Nicht zuletzt hat die Befassung damit auch zu einer besseren Vernetzung und Abstimmung der einzelnen Unternehmenseinheiten und der dafür verantwortlichen MitarbeiterInnen beigetragen. Also letztlich auch zu einem besseren Verständnis für die einzelnen Arbeitsbereiche und zu einer neuen Qualität des täglichen Miteinanders im Unternehmen. Die Ansprüche der umgebenden Gruppen, die wir als „Umwelten“ zusammenfassen, haben sich in den letzten Jahren wesentlich erhöht und differenziert. Maßnahmen können, so sinnvoll und auch volkswirtschaftlich wertvoll sie sein mögen, kaum mehr ohne „Begleitmusik“ von Medien und der Befassung mit mehr oder weniger Betroffenen und Interessierten beschlossen und umgesetzt werden. Inwieweit dies immer einen Fortschritt darstellt oder zu halbherzigen Kompromissen verleitet, sei dahingestellt, eine wesentliche Rahmenbedingung für unser Handeln ist jedenfalls damit vorhanden.


Ebenso ist die Frage des Umgangs mit unseren natürlichen Ressourcen gerade für Unternehmen unserer Branche noch mehr in den Fokus gerückt. Unser Handeln muss mehr denn je den Spagat zwischen kurzfristigen ökonomischen Erfolgen und längerfristigen, oft generationenübergreifenden Nachhaltigkeitsaspekten bewerkstelligen.

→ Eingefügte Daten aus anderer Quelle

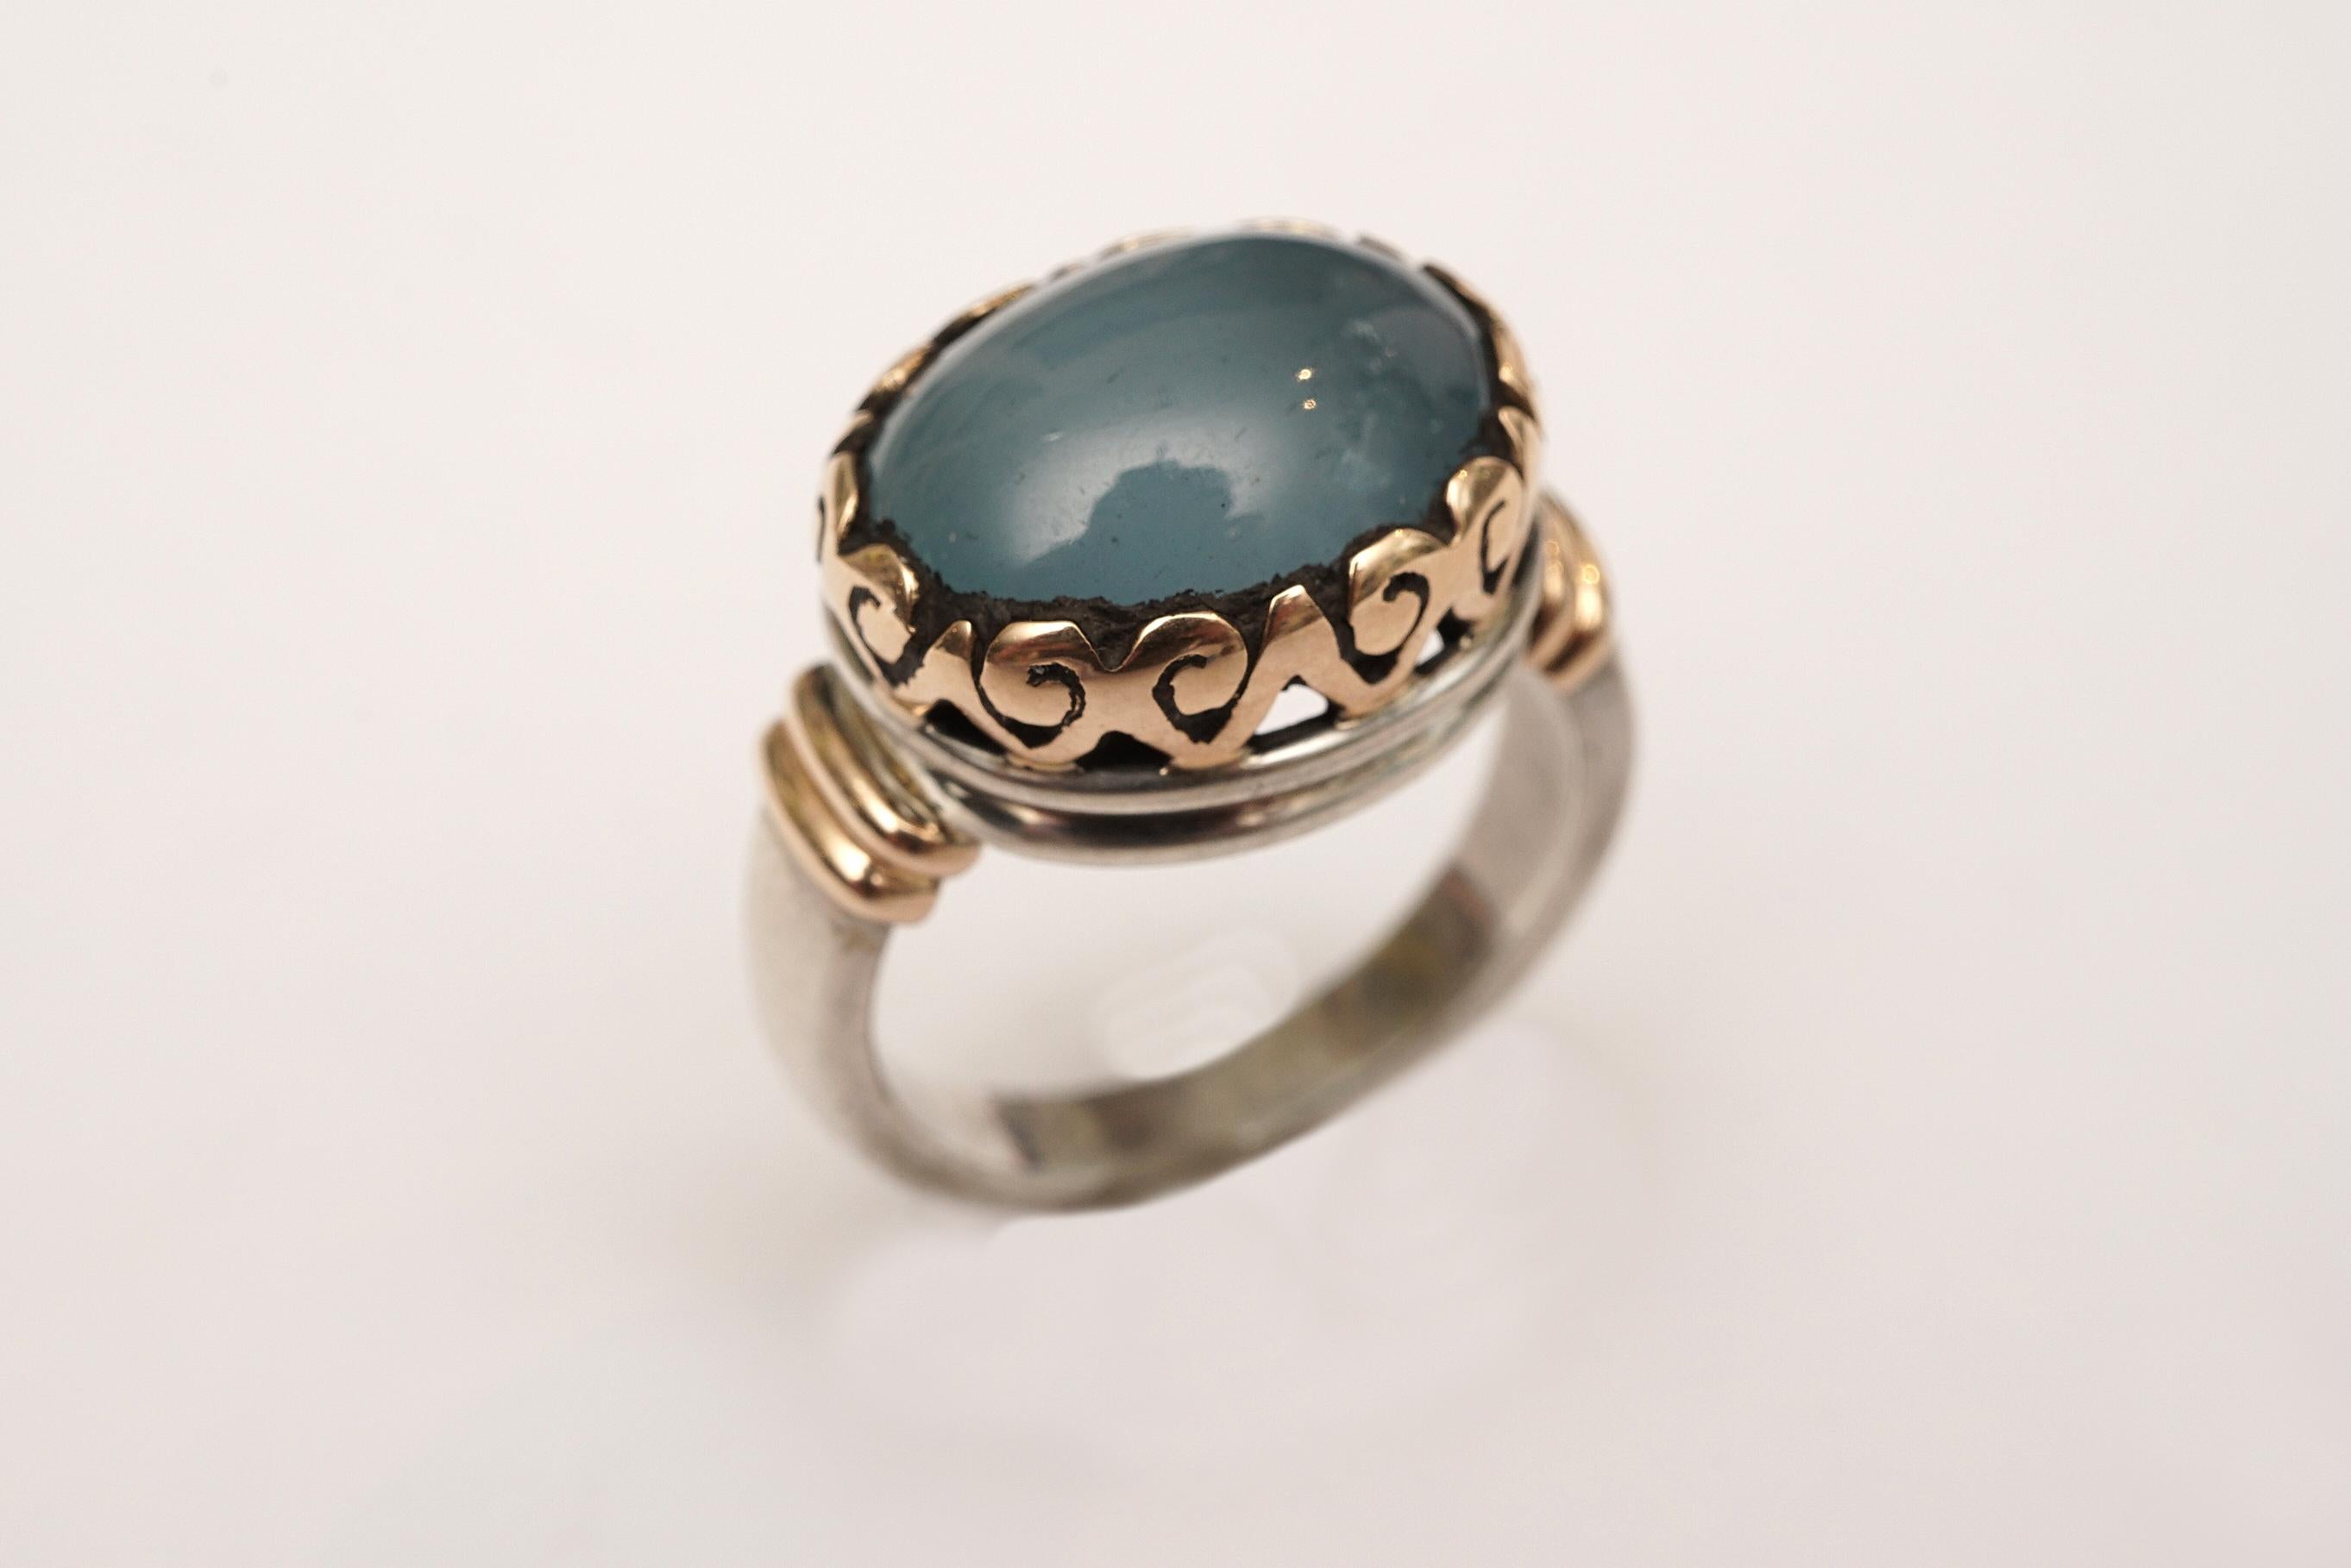 A large cabochon aquamarine in an usual and beautiful 18K gold bezel setting (not plated) and sterling silver band. Ring size is 7.

Diese Anstrengungen und deren praktische Umsetzung werden im Zuge eines Auditierungsprozesses nicht lediglich verbal beschrieben oder in Form von Absichtserklärungen formuliert, sondern haben den harten Fakten standzuhalten, sowohl im technischen als auch im organisatorischen, rechtlichen und kaufmännischen Bereich. Die Entsorgungswirtschaft ist generell stets mit Unsicherheiten behaftet, die sich allerdings in den kommenden Jahren durch zahlreiche neue Rahmenbedingungen wie Krieg, Energiekrise oder Lieferkettenprobleme, aber auch legistische Verschärfungen noch steigern werden. Einige davon sollen hier genannt werden: Die kommunale Abwasserrichtlinie der EU wird zu einer vierten Reinigungsstufe bei Kläranlagen führen, der vorhandene Phosphor im Klärschlamm ist zu nutzen, höhere bzw. neue Steuern und Abgaben (ALSAG, CO2-Bepreisung etc.) werden weitere Kostenbelastungen bringen. Neue Rahmenbedingungen werden zu zusätzlichen Sammel- und Verwertungsaufgaben führen.


Und auch die Energiesituation wird wohl volatil bleiben. Betriebsrisiken, insbesondere Brandereignisse, sind niemals auszuschließen und eine der Hauptgefahrenquellen der Abfallwirtschaft. Es ist gängige Praxis der Gesellschaft, durch technische Maßnahmen und permanente Mitarbeiterschulungen diese Gefahrenquellen weitgehend zu minimieren. Gegen Naturkatastrophen werden technische und organisatorische Maßnahmen ergriffen und der Versicherungsschutz laufend überprüft und erforderlichenfalls angepasst.

 

An der Zielsetzung der Gesellschaft, durch sparsames und effizientes Wirtschaften die finanziellen Spielräume für notwendige Investitionen zu schaffen, wird sich auch in Zukunft nichts ändern. Dabei soll auch eine moderate Tarifpolitik für die Vertragsgemeinden nach wie vor im Mittelpunkt stehen.

 

Dies ist nicht nur eine ökonomische Zielsetzung, denn ein hoher Grad an Wirtschaftlichkeit und Kostenbewusstsein sollte sich auch positiv auf die Akzeptanz unserer Aktivitäten auswirken. Etwas, das wir ganz dringend für unseren weiteren Erfolg benötigen.

 

In diesem Sinne: Wir wünschen Ihnen neue Erkenntnisse beim Lesen unserer Umwelterklärung und freuen uns über kritisches Feedback!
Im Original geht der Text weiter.